Analyze the music and lyrics of Kanye West and related hip-hop artists using the Spotify and Genius Lyrics APIs.
This project is an extension of work originally completed for the U.C. Berkeley MIDS course, w209: Data Visualization. Kanye West is one of the most popular and controversial artists of his generation. Given his prominent place in the hip-hop scene, I am interested in quantifying attributes of his music and lyrics in order to understand how Kanye differs from his peers and where they are similar. To quantify his music and lyrics, I leverage the Spotify and Genius Lyrics APIs. I will also use Spotify to identify ‘related’ artists as the comparison group.
- Obtain and Prepare Data
- Pull track data from Spotify for Kanye and related artists
- Clean the track data to remove duplicates (live and special editions)

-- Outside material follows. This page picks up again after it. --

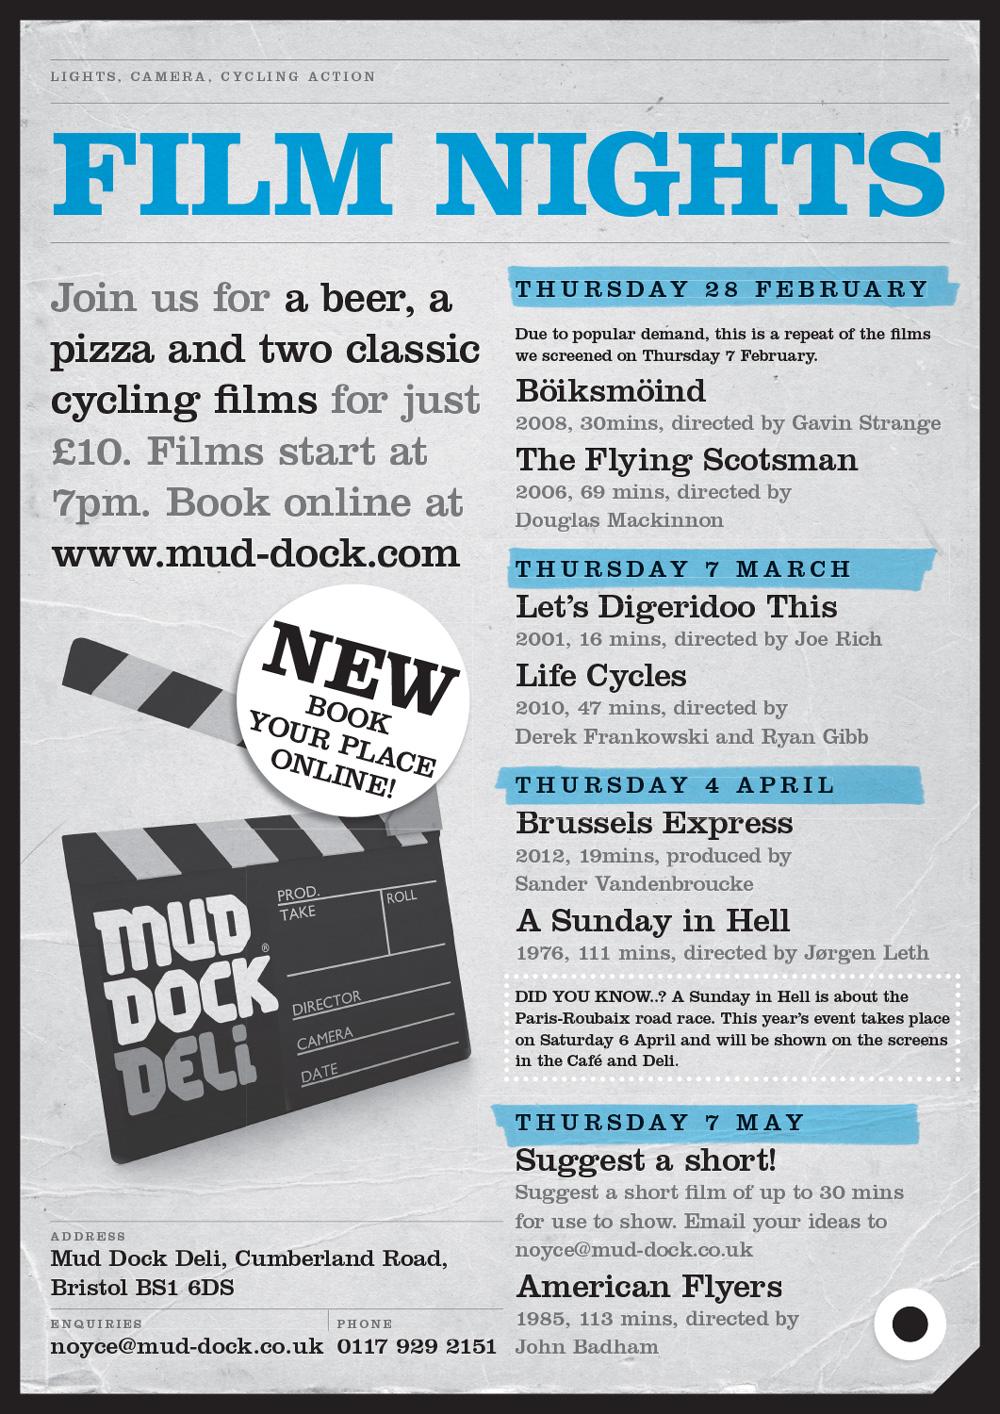 Mud Dock Deli Film Night poster

- Pull lyrics for all the tracks from Genius Lyrics
- Validate Data
- Check for songs that are missing lyrics
- Create New Features
- Total Word Count
- Unique Word Count
- Unique Word Percentage
- Number of Verses
- Total Drug References
- Drug References by Drug
- Total Swear Words
- Swear Words by Word
- Total Syllables
- References to God
- Repetitiveness
- Analysis
- Compare Spotify and Lyrical Metrics Against Popularity
- Can we predict artist through Spotify and lyrical metrics?
- Possible next steps
- Sentiment Analysis
- getData.py - Pulls track and album data from Spotify for Kanye West and related artists, removes duplicates (ex: live and special editions). Pulls lyrics from Genius Lyrics for each track and combines the data sets. Writes the result to data_with_lyrics.csv for easy retrieval.
To run getData.py, you will need developer tokens for the Spotify and Genius Lyrics APIs stored in a file called creds.py. The format should be:
spotify_username = "your_spotify_username_token"
spotify_password = "your_spotify_password_token"
genius_token = "your_genius_token"